I swear, it snowed for two days in the last 24 hours. I loved watching it fall, with the dogs asleep by the fireplace, and drinking hot tea while watching it snow. That’s the bonus of retirement. You are grateful for not having to brave the elements anymore to go out and earn a living. You can also get a bit confused what day it is.
I knew yesterday was Monday. We watched a Netflix original, Virgin River, last night. We enjoyed it. It was good acting, a good story, and was pretty easy to follow. It was worth the couple hours we spent on it. Probably try to watch more later today. I’m guessing it’s most like a romance novel?
For fun, I did a quiz on which romance novel I should read next. They want to know if you want historical fiction, fantasy, or contemporary. Do you want explicit romance or not? From what I understand, it’s quite a business. Many are made into television movies on the Hallmark channel, some on Lifetime. It’s interesting how different genres work. I’m not interested in reading them, but to each his or her own. I like gritty tales of cops, solving murders, and of people overcoming adversity.
Upon waking this morning, the Babe and I had breakfast and he used the snowblower. We had to go get our online grocery order from Walmart. We got all ready, except for our coats. I looked my phone to check in, confirming I was on my way. And low and behold! The groceries won’t be ready until Wednesday, January 27, 2021. The only reason I knew the date is it’s my daughter Rebecca’s birthday. “Oh, I goofed!” The Babe is so easy going, he says, “No big deal!” I’ve known some men who would have a giant fit over the mistake. Yes, they weren’t worth the trouble. Things happen. Life happens. Humans make mistakes. I love the calmness in my life now. It is worth the wait I had.
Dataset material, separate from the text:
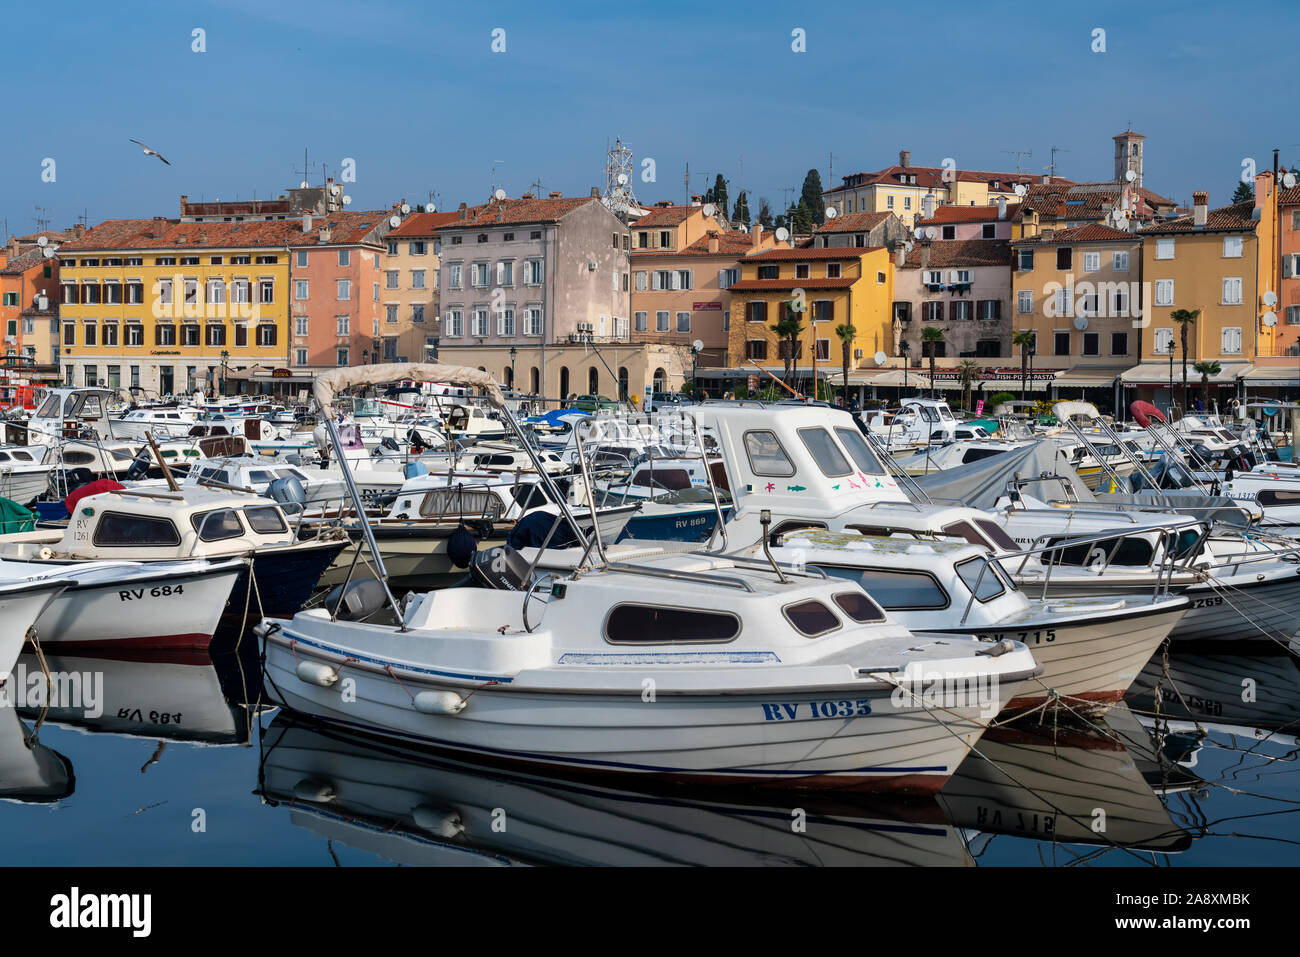 Gli edifici colorati e il villaggio skyline con piacere e barche da pesca a Rovigno, Croazia, Istria. Foto Stock

Gosh, forty-two years ago, I was very pregnant with my daughter. It snowed and sleeted continuously since Thanksgiving that year. I didn’t leave the house except for Church and the Doctor’s appointments I had. The baby was lying on my sciatic nerve, I was in a lot of pain. The doctor told me to lie down when the kids took a nap, and lie on my left side, with my right leg crossed over me, on a pillow. It helped. But Nick was three and didn’t take a nap. It was so hard. Their father got home from work at 3 p.m., and Frankie came home at 3:30 p.m., and everyone was hungry. Stepford Wife that I was and chauvinist their father was, saw me taking care of everyone else and living with the pain. Some days it was severe.
I had an appointment that very day. It was a Friday, the doc knew how uncomfortable I was. He made an appointment to induce me at 4:30 p.m. I was relieved. The only thing the doc used for pain was Demerol (which is never used today from what I understand), and I was aware of everything. The labor went fast. The father had the nerve to ask me to hurry, he had to go bowling and they were in first place, and he had to be there. He didn’t make it that night, and I heard about it forever. Not as if I did it on purpose.
Years later, I see how awful that was. But I didn’t say anything. But it was selfish and awful. We were only married for three years after that. I just couldn’t take it any more. Yes, I’ve changed a lot from those days. Thank God! I learned a lot of independence from my smart, talented, beautiful daughter. She was so independent! I was in awe of her and still am. Happy Birthday, Becky.
Yes, it was hard getting from there to here. Nothing mattered to me more than my kids. It’s finally “my” turn at life. It’s why I’m an author. It’s why I’m working on a brand new craft. It’s why I’m still learning. I’m so enthused and grateful for this opportunity, which I’ve created for myself. I’m so glad you are along for the ride.
Thank you for reading today. Let’s help each other out. Hold the door. Shovel a walk. Help someone stuck in the snow with their car. Take a minute to be kind. Be Thoughtful. Be Mindful of your attitude. Take care. See you tomorrow!